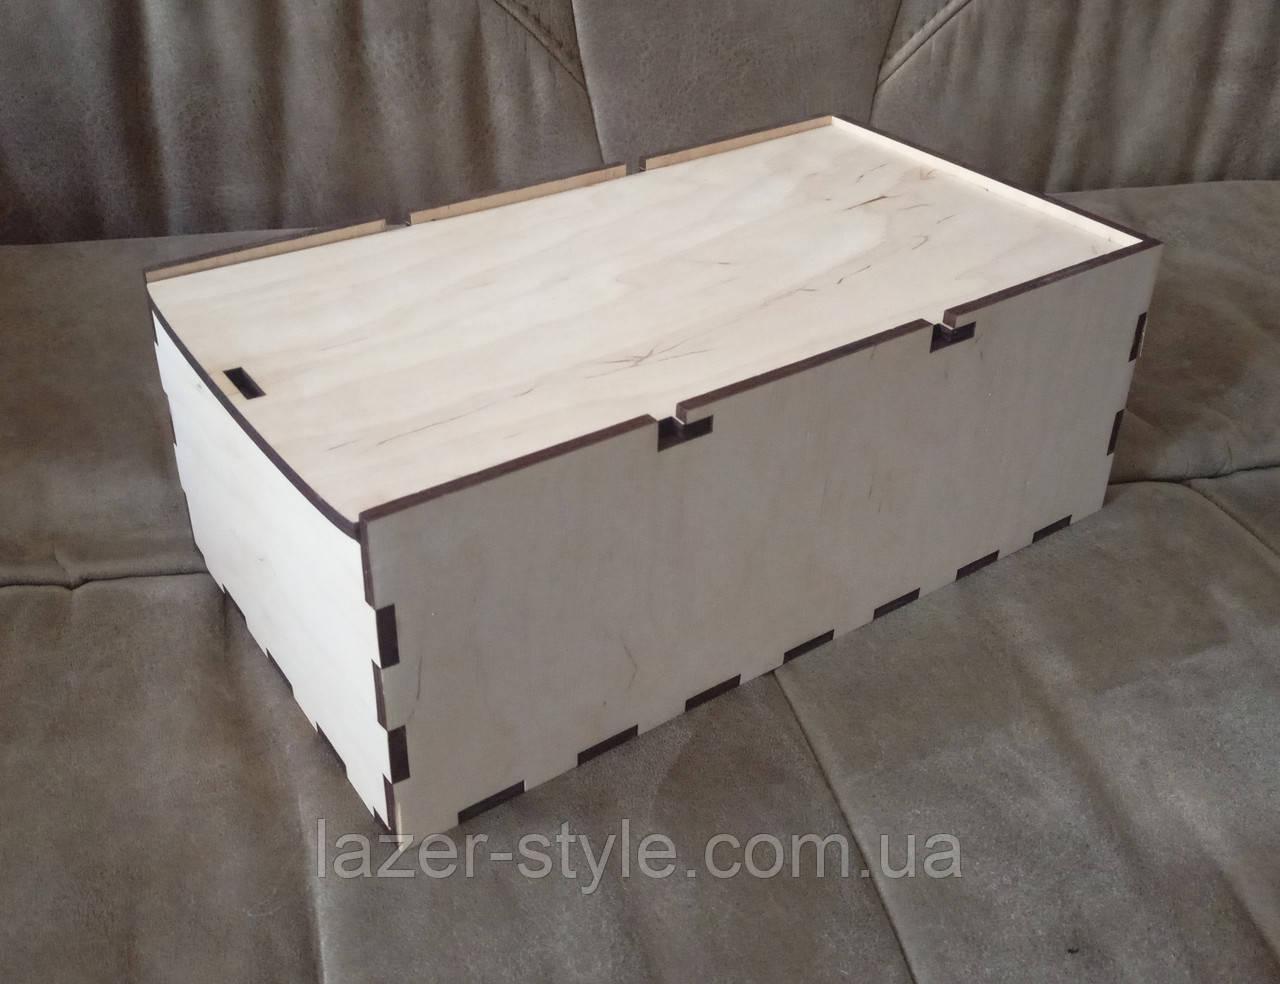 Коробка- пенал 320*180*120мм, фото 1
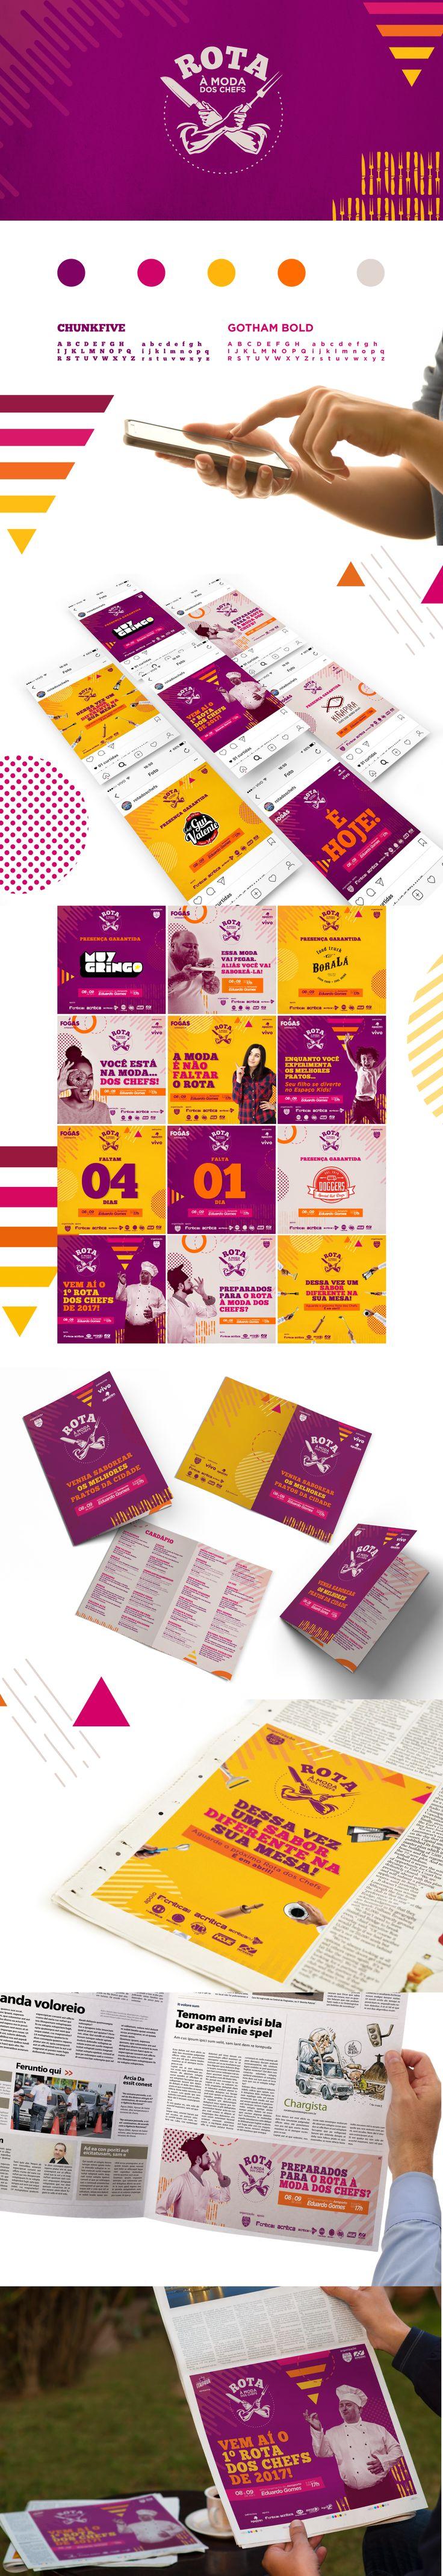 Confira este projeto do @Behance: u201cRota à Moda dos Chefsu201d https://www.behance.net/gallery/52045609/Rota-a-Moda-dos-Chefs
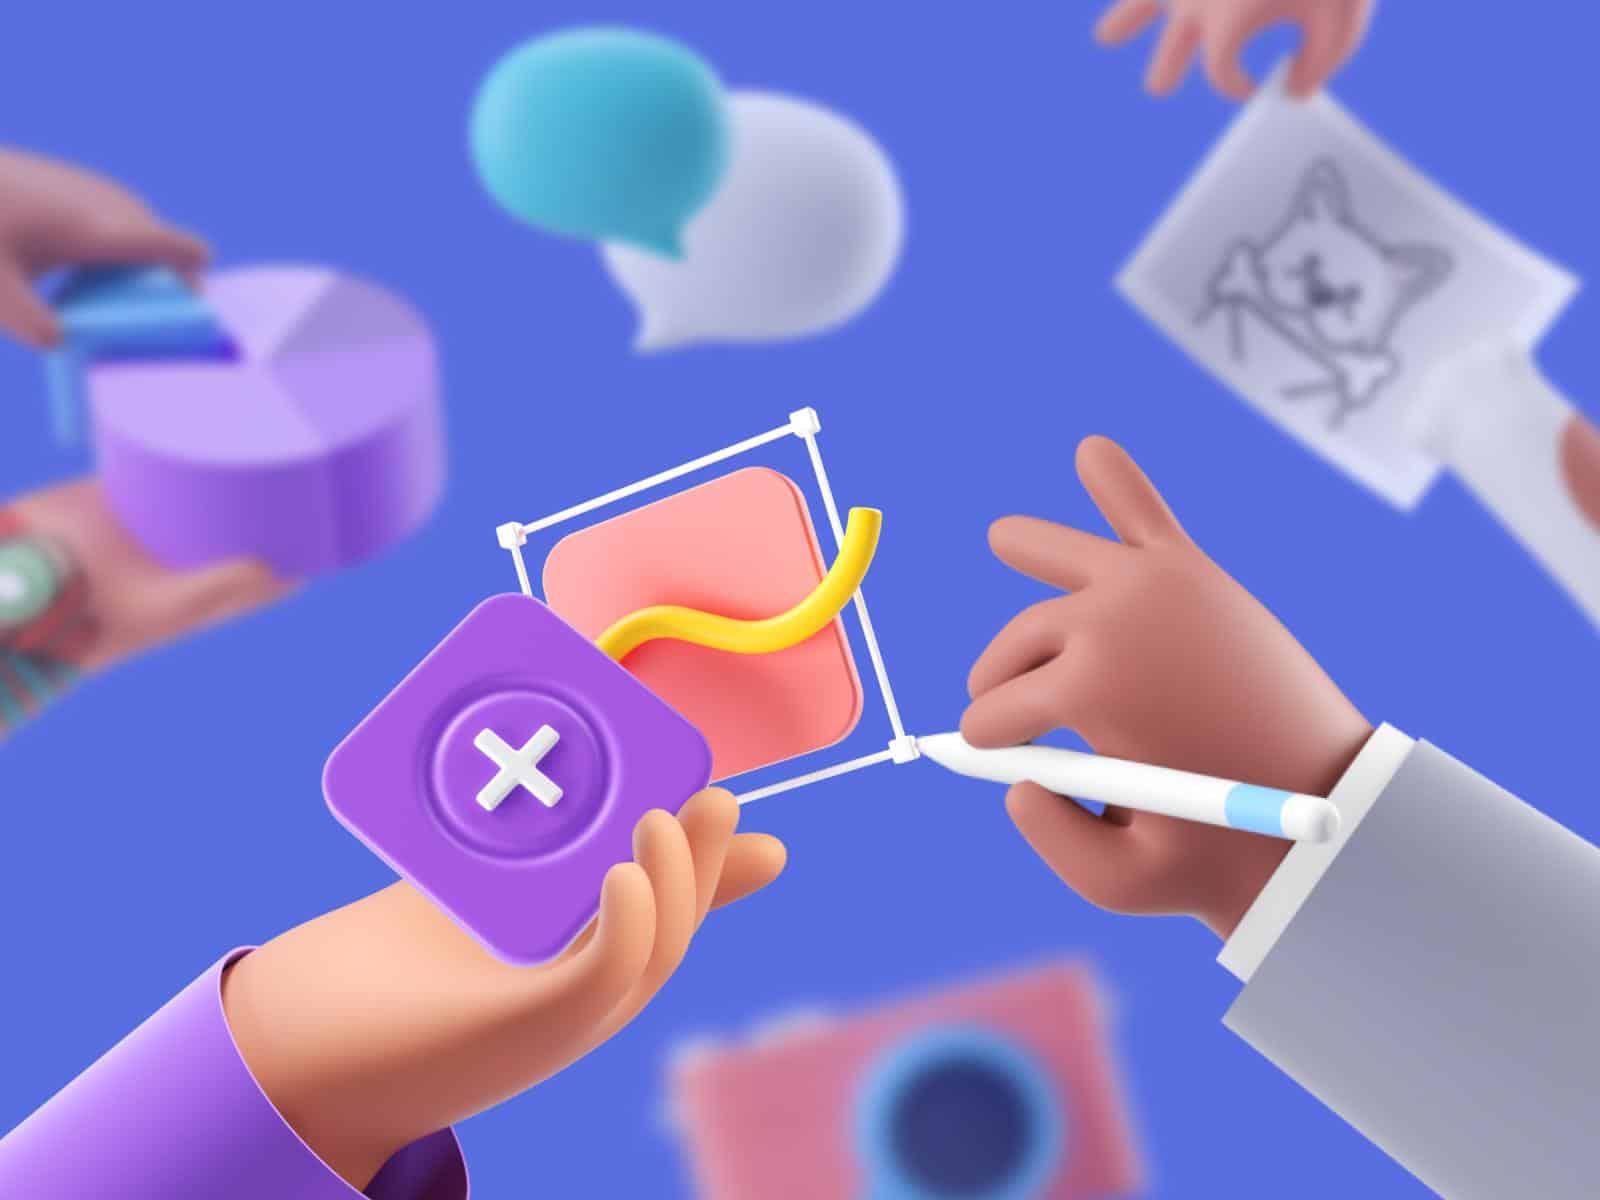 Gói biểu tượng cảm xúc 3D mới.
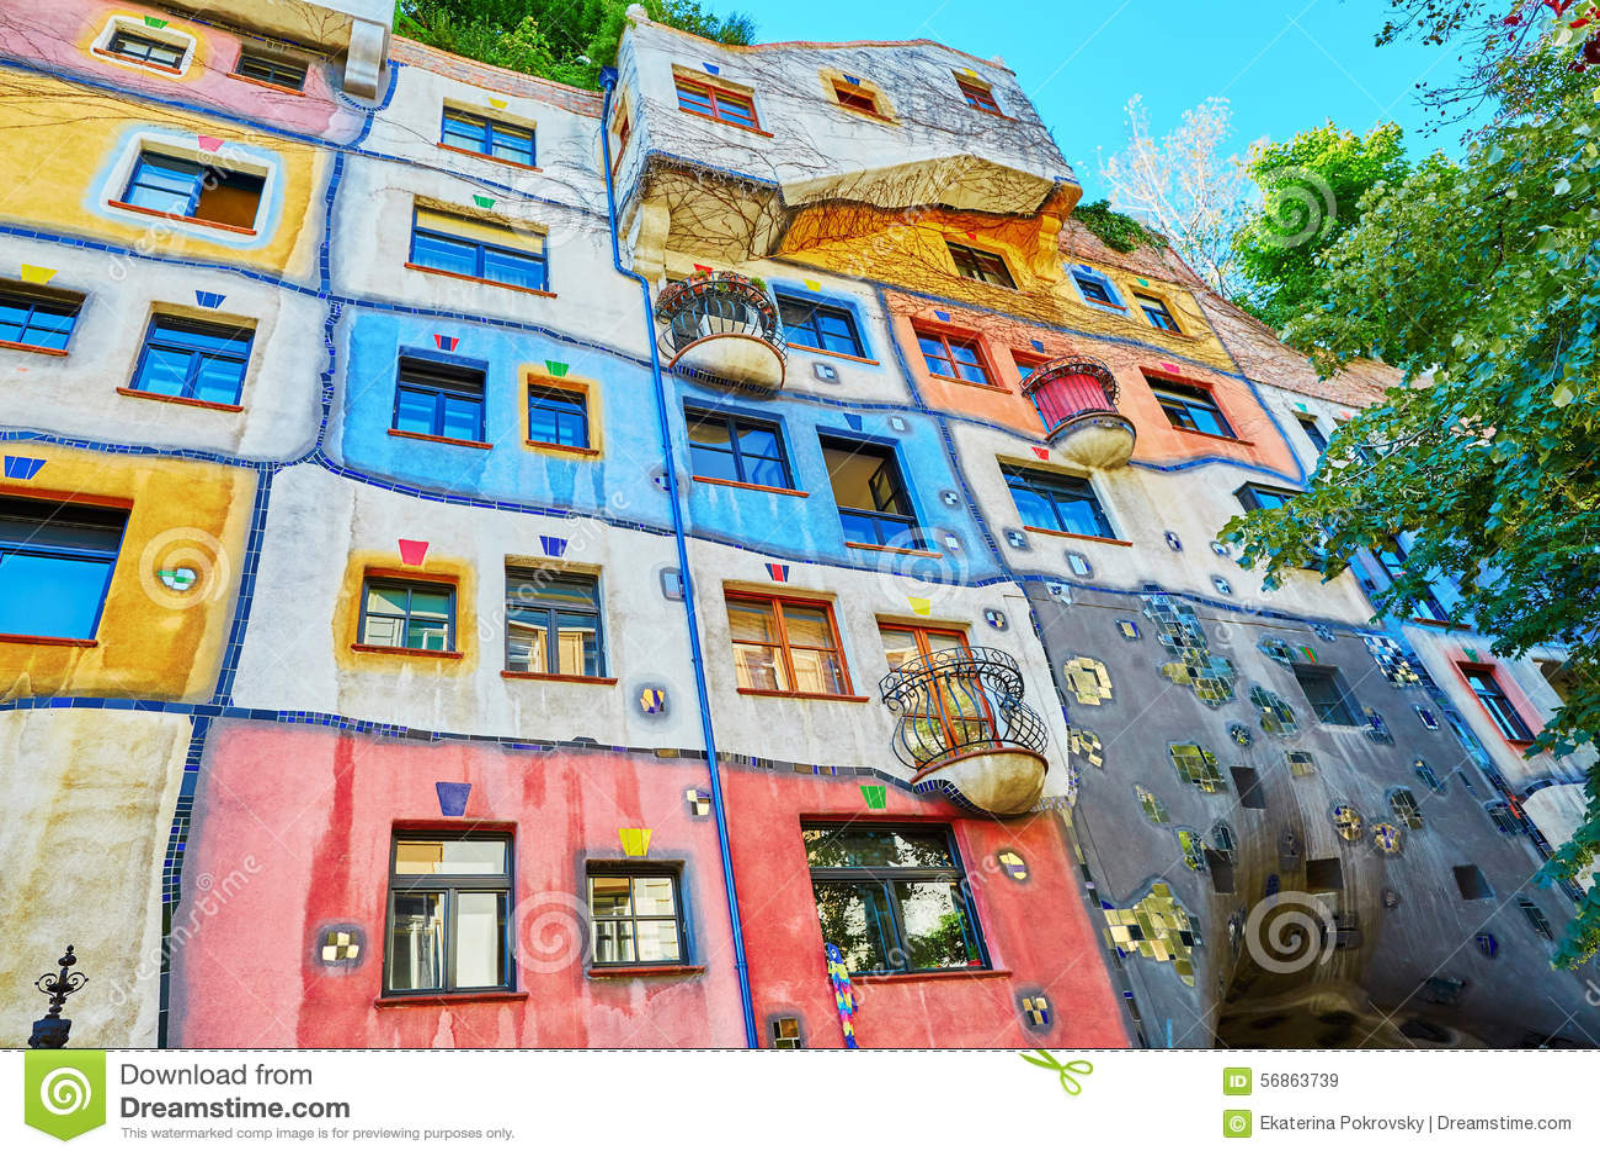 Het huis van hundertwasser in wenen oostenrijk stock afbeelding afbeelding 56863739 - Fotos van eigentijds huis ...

****

▶ WORK TASK
Omitting all images, print the listing exactly.

▶ OUTPUT BELOW
 Коробка- пенал 320*180*120мм, фото 1
 Confira este projeto do @Behance: u201cRota à Moda dos Chefsu201d https://www.behance.net/gallery/52045609/Rota-a-Moda-dos-Chefs
 Gói biểu tượng cảm xúc 3D mới.
 Het huis van hundertwasser in wenen oostenrijk stock afbeelding afbeelding 56863739 - Fotos van eigentijds huis ...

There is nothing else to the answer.